When Hollywood tackles history sometimes the result is an uneasy mixture of what really happened and what might have happened. This is certainly the case with Emperor, which spotlights the dilemma facing General Douglas MacArthur (Tommy Lee Jones) when he arrives in Japan soon after the conclusion of World War II. His mission is to begin the rebuilding of the defeated country, but first a determination must be made whether to prosecute Emperor Hirohito for war crimes.
This situation was extremely complicated, and Peter Webber’s film goes to great lengths to explain why. In that regard, although the resulting film is sometimes dull and even boring, I appreciate its thoughtfulness. Movies too often simplify history to black and white when the reality is that, to quote directly from the film, “there are a million shades of gray.”

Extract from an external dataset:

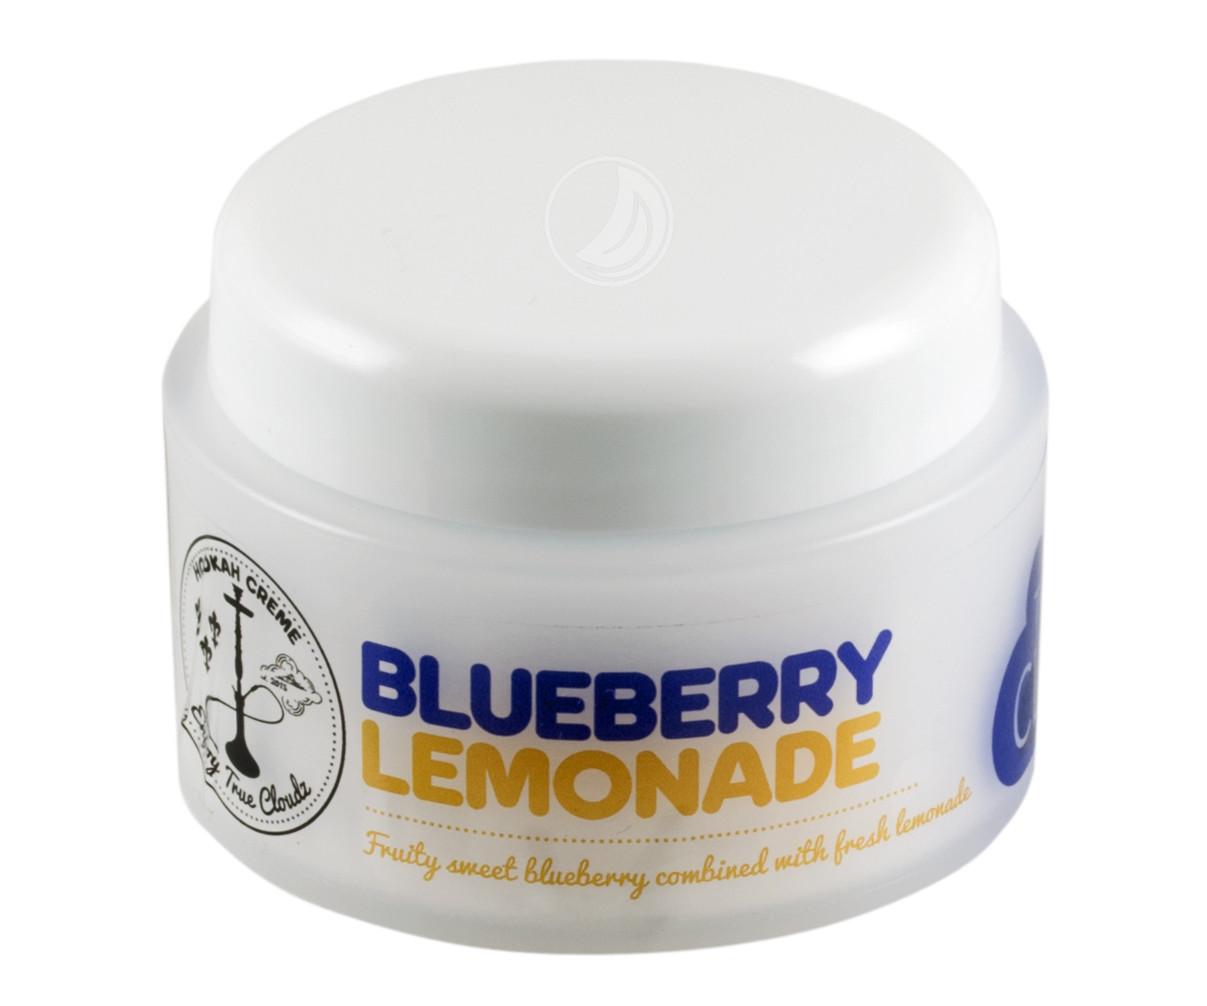 Крем True Cloudz ― Blueberry Lemonade (черничный лемонад)

MacArthur has no time for an investigation, so he assigns his protege General Bonner Fellers (Matthew Fox) to recommend whether the Emperor is to be charged, and to do it within ten days. Fellers is a Japanophile, who, according to the movie, is smitten with a Japanese girl (Eriko Hatsune) whom he met at college. Ultimately it is his remembered discussions with her father (Toshiyuki Nishida) before the war that steer Fellers’ recommendation. Was this relationship real? I don’t know.
I just don’t know how much credence to give to this version of events. While there is dramatic credence to the technique of using Fellers’ past to inform his verdict it comes across as strained and clichéd, and certainly not objective. Perhaps that is the movie’s point: that such a decision could not be made objectively, but required a subjective perspective, first from Fellers and then from MacArthur himself during a climactic meeting with Hirohito (Takataro Kataoka). That meeting scene is the best thing in the movie, putting everything into place and finally looking toward the future instead of sifting through a largely unknowable past.
The biggest obstacle for my enjoyment of the movie, other than its relative dullness, is the performance of Matthew Fox. I never found him convincing as a general; he seems too young and too casual to properly inhabit that rank. Being that the bulk of the film rests on his shoulders, this is a problem. By using Fellers as its dramatic lynchpin I think Webber’s film undermines itself. And that is a shame, because this is a film that genuinely tries to illustrate important history. ☆ ☆ 1/2. 15 March 2013.